The first post in this series, Reinventing automated operations (Part I), covered the importance of operations in the cloud and how deferring the creation of an operations plan can slow down your migration. In this post, I’ll share the primary mechanism of iterative improvement (aka flywheel) that AWS Managed Services (AMS) uses to increase operational efficiency and improve the operational experience of our customers. I will also cover the nine individual automation flywheels that we built to spin our primary flywheel faster.

Automation flywheels

Flywheel shows “Operational efficiency” in circle in middle surrounded by texts “consistent outcomes,” “operational experience,” “manual work,” and “create automations” that are linked to each other. “Operational efficiency” also linked to “less work” which is linked to “fewer engineers” which is linked to “operational experience".

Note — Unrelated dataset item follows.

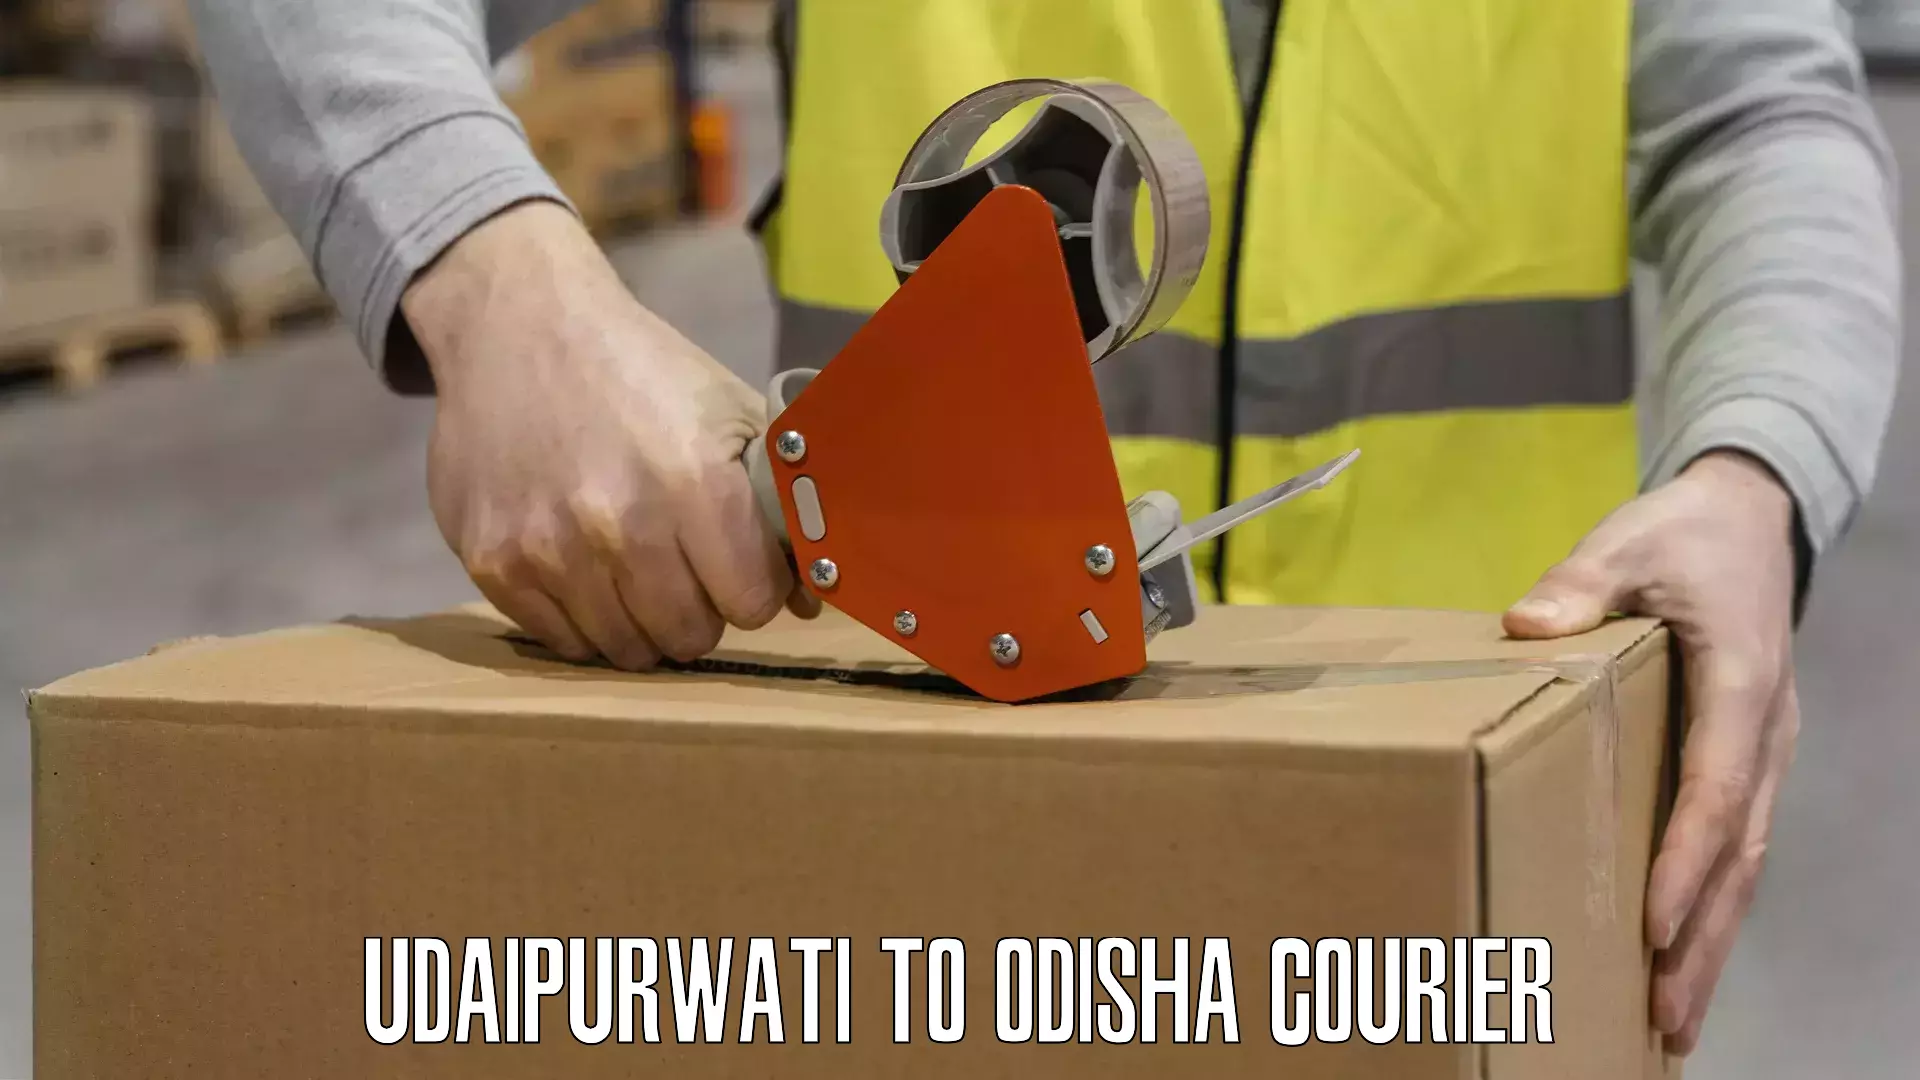 Custom courier packaging Udaipurwati to Siksha O Anusandhan Bhubaneswar

Similar to the original Amazon flywheel, AMS also uses flywheels to iterate and improve our capabilities for customers. As we identify manual work, we create automations to reduce wait time, improve security, execute consistently, and more. Automation improves our operational efficiency by reducing our workload. The use of automation also means we need fewer engineers. Fewer engineers means lower costs and allows us to lower prices, which improves the operational experience for our customers without reducing quality (see figure).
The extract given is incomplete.